Speaking of which: you don't just put lipstick on, you eat it, so to speak. Anyone who applies make-up to their lips every day uses around five pencils a year - or 57 milligrams of colorant a day, according to Stiftung Warentest in its "test" magazine (11/2021 issue). This is based on calculations by the European Commission's Scientific Committee for Consumer Safety. And it is precisely this "consumption" that poses a health risk, according to the foundation.
Warentest found the whitening color pigment titanium dioxide in all of the 17 lipsticks tested, including in sticks that are sold as natural cosmetics. If this substance is swallowed regularly, a mutagenic effect cannot be ruled out. The genetic material of cells can be damaged under certain circumstances, possibly even causing cancer. In the test, none of the lipsticks received the rating “good”.

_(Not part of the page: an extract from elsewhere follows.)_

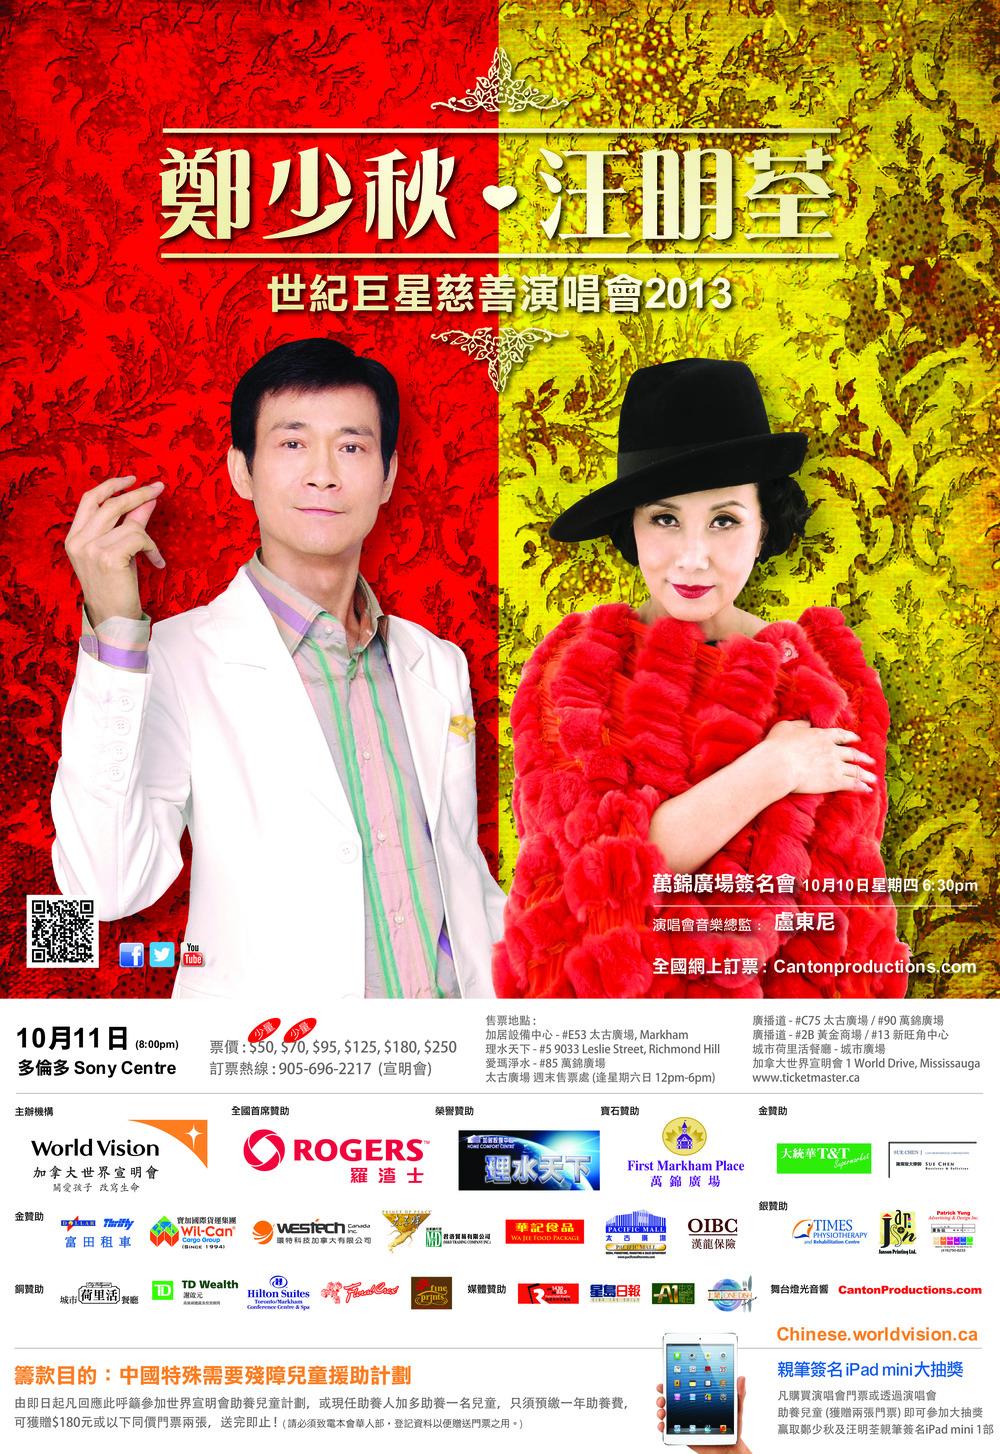 10 11 2013 鄭少秋 汪明荃 Poster.JPG
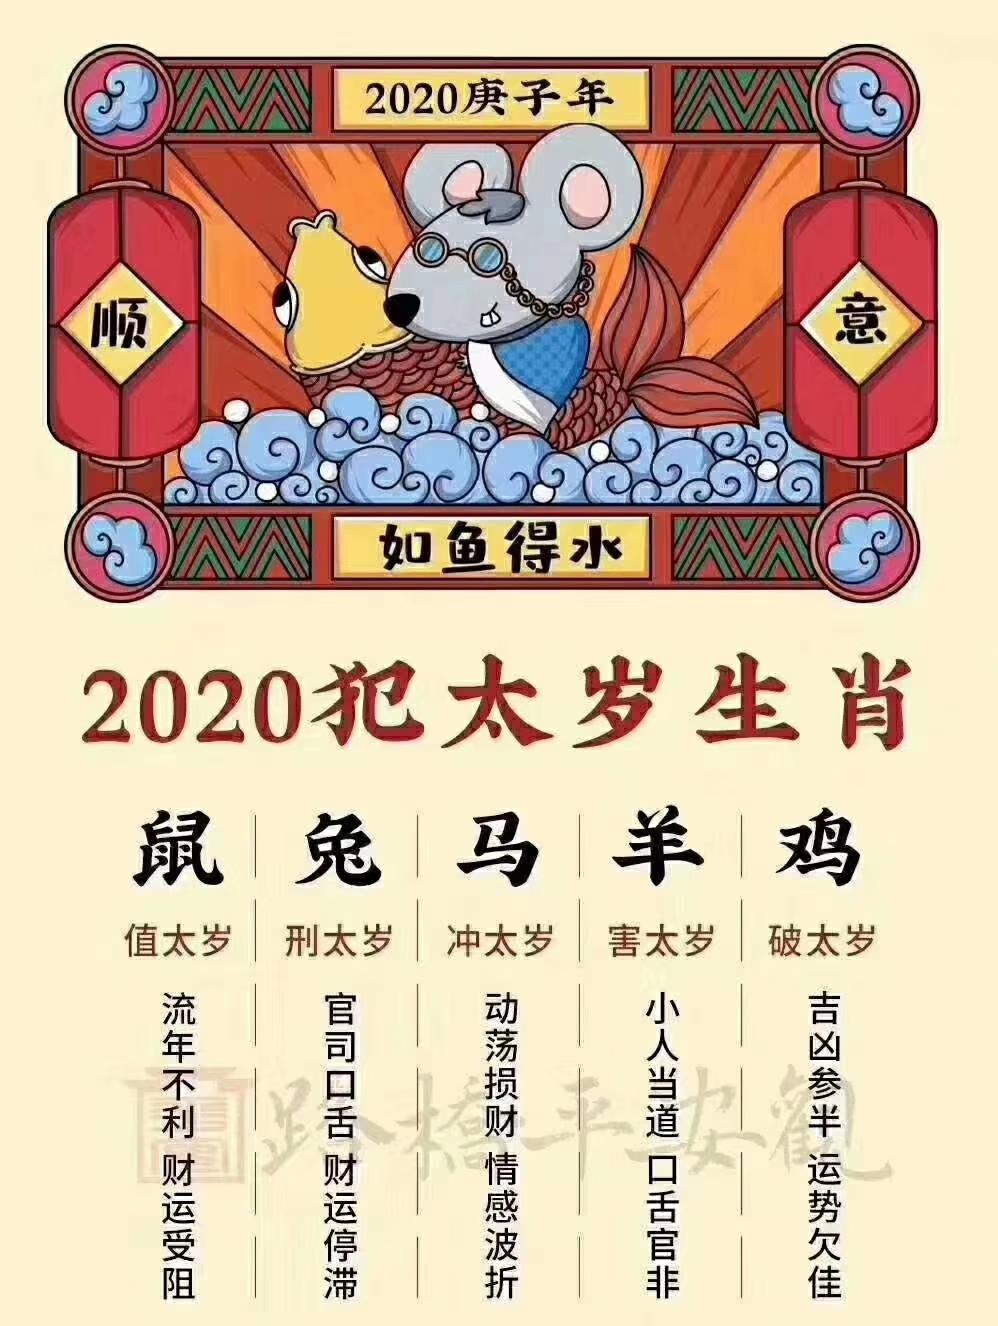 2036年犯太岁_2021年犯太岁_2010年哪些属相犯太岁

Criticism of the product testers
By the way: You don't just put lipstick on, you also eat it, so to speak. Anyone who applies make-up to their lips every day uses around five pencils a year - or 57 milligrams of colorant a day, according to Stiftung Warentest in its "test" magazine (11/2021 issue). This is based on calculations by the European Commission's Scientific Committee for Consumer Safety. And it is precisely this "consumption" that poses a health risk, according to the foundation.
Warentest found the whitening color pigment titanium dioxide in all of the 17 lipsticks tested, including in sticks that are sold as natural cosmetics. If this substance is swallowed regularly, a mutagenic effect cannot be ruled out. The genetic material of cells can be damaged under certain circumstances, possibly even causing cancer. In the test, none of the lipsticks received the rating “good”.